In December, Oldcorne was joined by Nicholas Owen, Henry Garnet and Ralph Ashley who were hiding because they were also under suspicion of involvement. The hall was searched on 20 January 1606 but no one was discovered and Abington denied that there was anyone hiding. The four were not discovered even though Garnet and Oldcorne were in one hiding place whilst the two lay brothers were in another. However the house continued to be searched for the next twelve days. A document written at the time records they "found two cunning and very artificial conveyances in the main brick-wall, so ingeniously framed, and with such art, as it cost much labour ere they could be found. Three other secret places, contrived with no less skill and industry, were found in and about the chimneys, in one whereof two of the traitors were close concealed. These chimney-conveyances being so strangely formed, having the entrances into them so curiously covered over with brick, mortared and made fast to planks of wood, and coloured black, like the other parts of the chimney, that very diligent inquisition might well have passed by, without throwing the least suspicion upon such unsuspicious places."

There were in fact eleven hiding places discovered. Two of the Jesuits came out after a few days but Oldcorne and Garnet survived for eight days before they surrendered.

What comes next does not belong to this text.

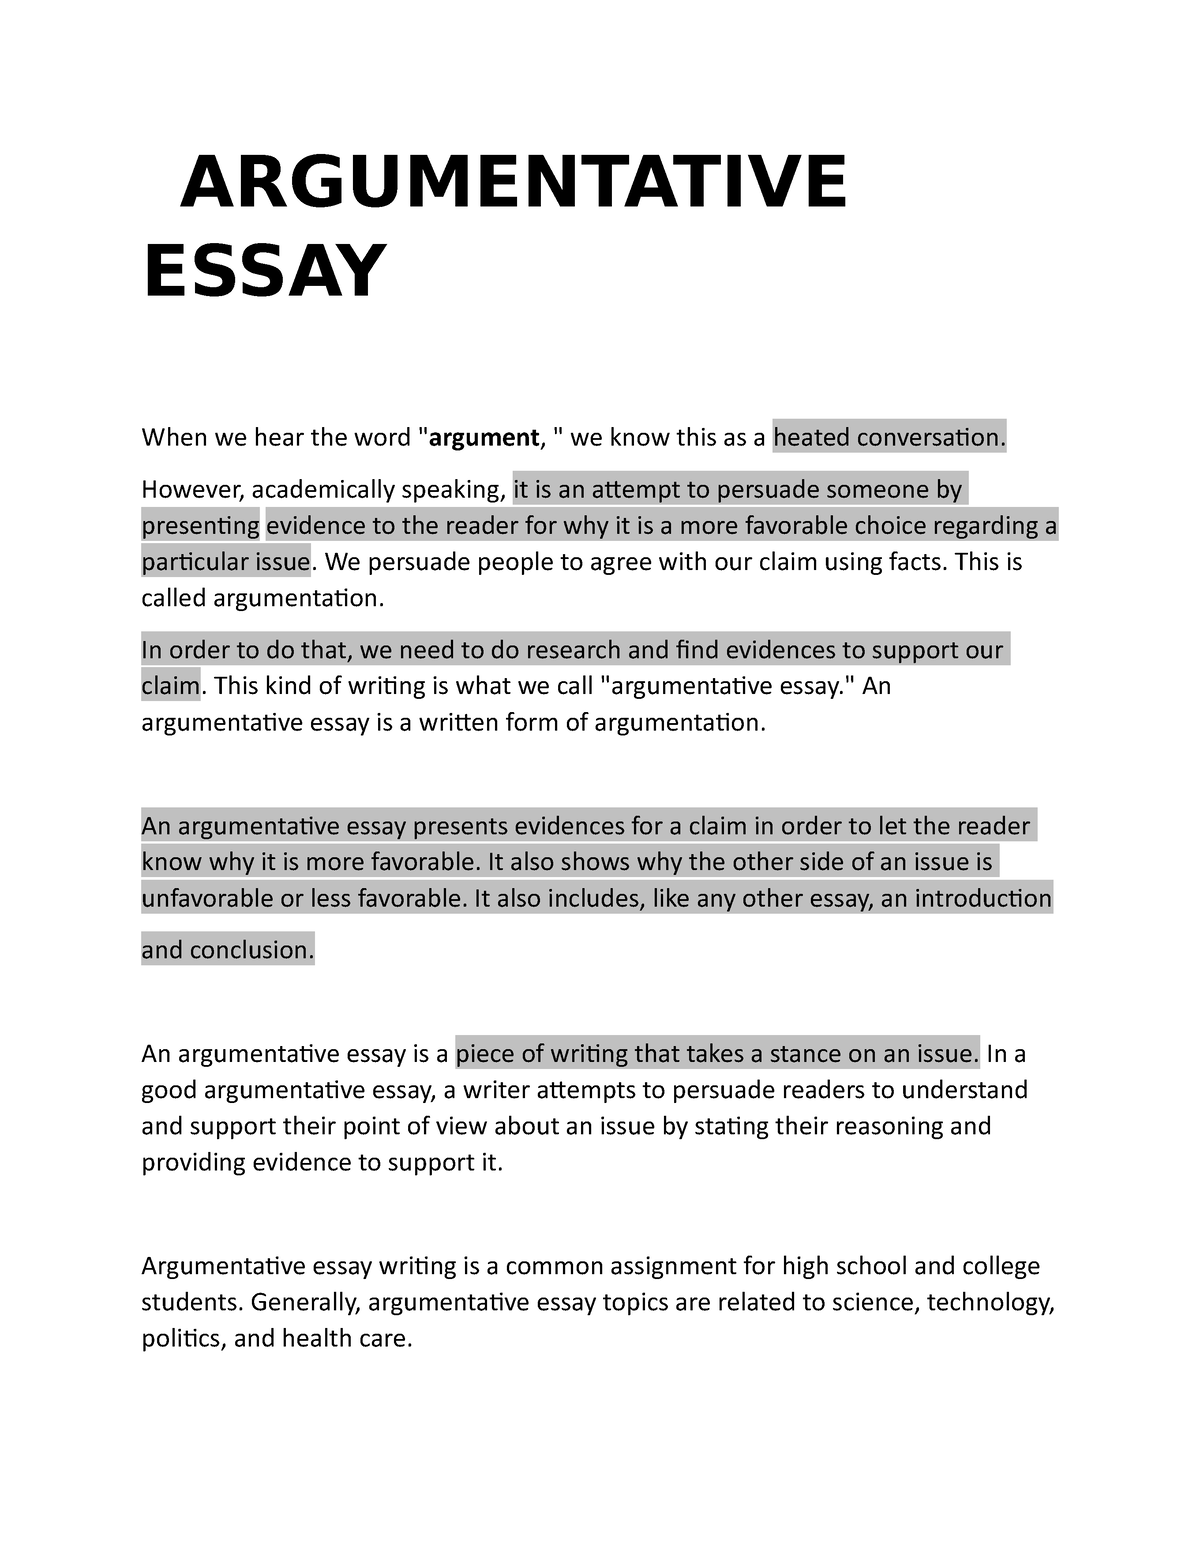 example of argumentative essay with introduction body and conclusion brainly

Oldcorne and Garnet were arrested by Sir Henry Bromley and held briefly at the castle at Holt before being taken to the Tower of London en route to execution in Worcester.

Thomas Habington was again arrested, and sentenced, but spared. He spent the rest of his life writing. It is said in several sources that he was not allowed outside the county, but there is evidence that this is unlikely. Hindlip Hall came to be celebrated, as it was believed that Mary Habington had written the letter revealing the Gunpowder Plot, and "as much of the plot was there hatch'd, so it was from thence that it came to be prevented".

===After the plot===
Thomas's son, William Habington, was a minor poet and his son, Thomas, died without a natural heir and left the hall to Sir William Compton.

==Later history==
The old hall was destroyed by fire and was demolished in 1820.

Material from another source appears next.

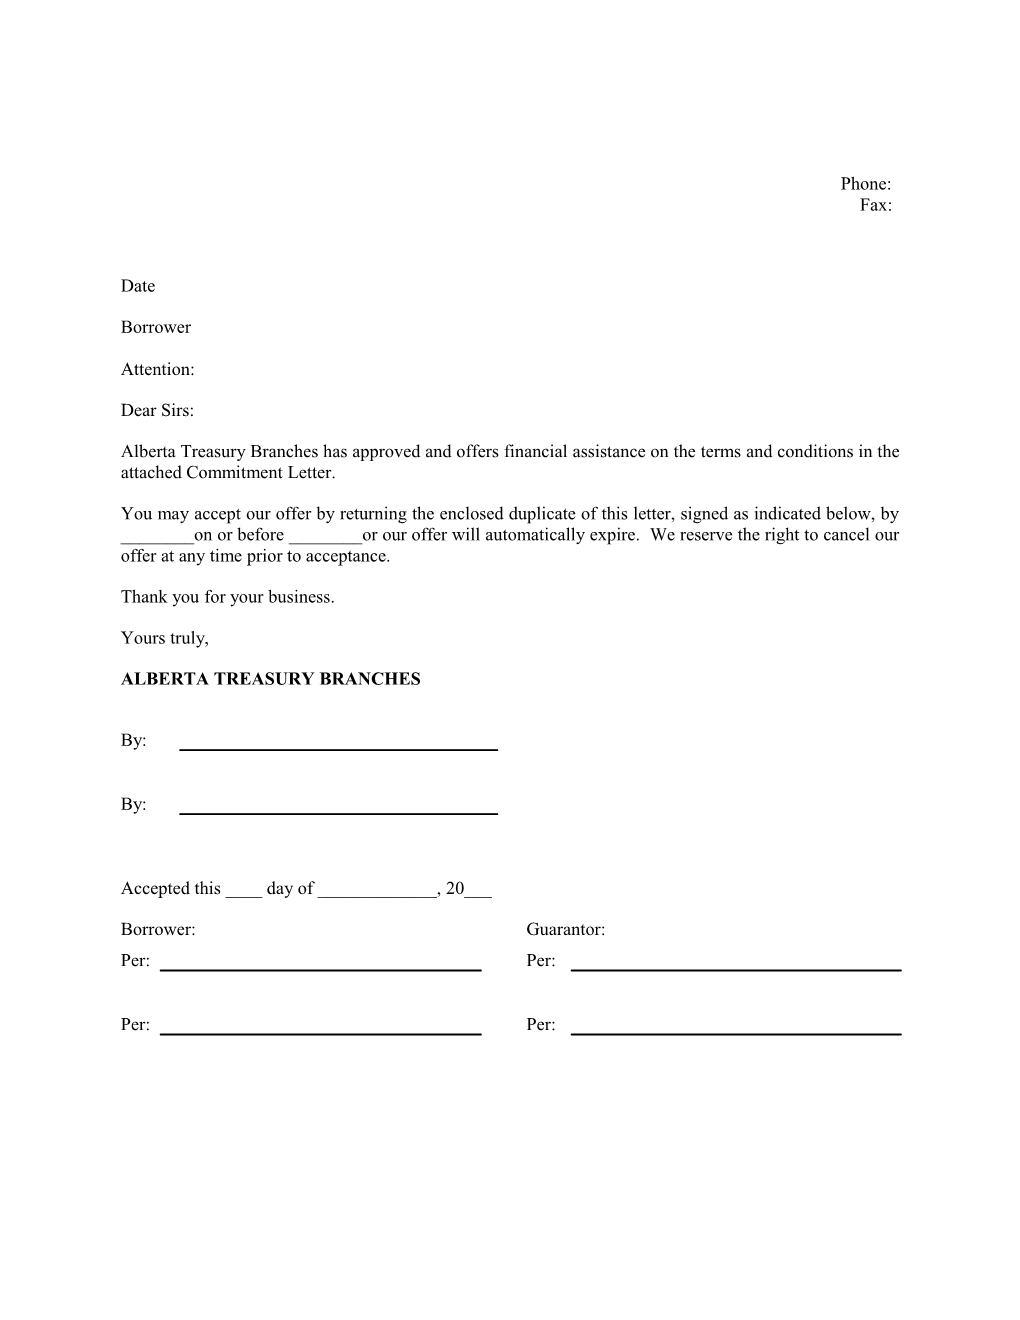 7519 - Commitment Letter - Commercial Mortgage - Fixed Rate

The new hall was built by Lord Southwell in a Greek Revival style. After his death in 1860 the hall was bought by the Burton-on-Trent brewer Henry Allsopp, who became the first Baron Hindlip in 1886. The house and gardens continued to be improved. In 1887 Lord Hindlip had a new 6 acre lake created and the old one was filled in and 4,000 fish were taken out.
The Allsopp family moved to Wiltshire early in the 20th century. The Hall went through a number of uses including about twenty five years as a girls' school.

===1940===
During the Second World War it was taken over by the Ministry of Works. There were emergency plans drawn up to move Cabinet-level Ministers of the Crown to Hindlip Hall if required, with the Prime Minister's office also based nearby at Spetchley Court. In 1947 after the war it came into the ownership of Worcestershire County Council and the land was set aside for future use as a college, with the main house turned into the headquarters of the County Police.

===Today===
Since 1967 the Hall has been the West Mercia Police police headquarters. It is close to junction six of the M5 motorway. The church of St. James is no longer supported by the Church of England (since 1997), but is now the church for the constabulary. In 2018, Hereford and Worcester Fire and Rescue Service relocated its headquarters to Hindlip Park, co-locating with West Mercia Police.

In 1985 the Hall was designated a Grade II* listed building. Whilst the building is not open to the general public and surveillance is heavily monitored, access to the grounds can be gained via public footpaths from Hindlip Lane to the south and Pershore Lane to the northeast.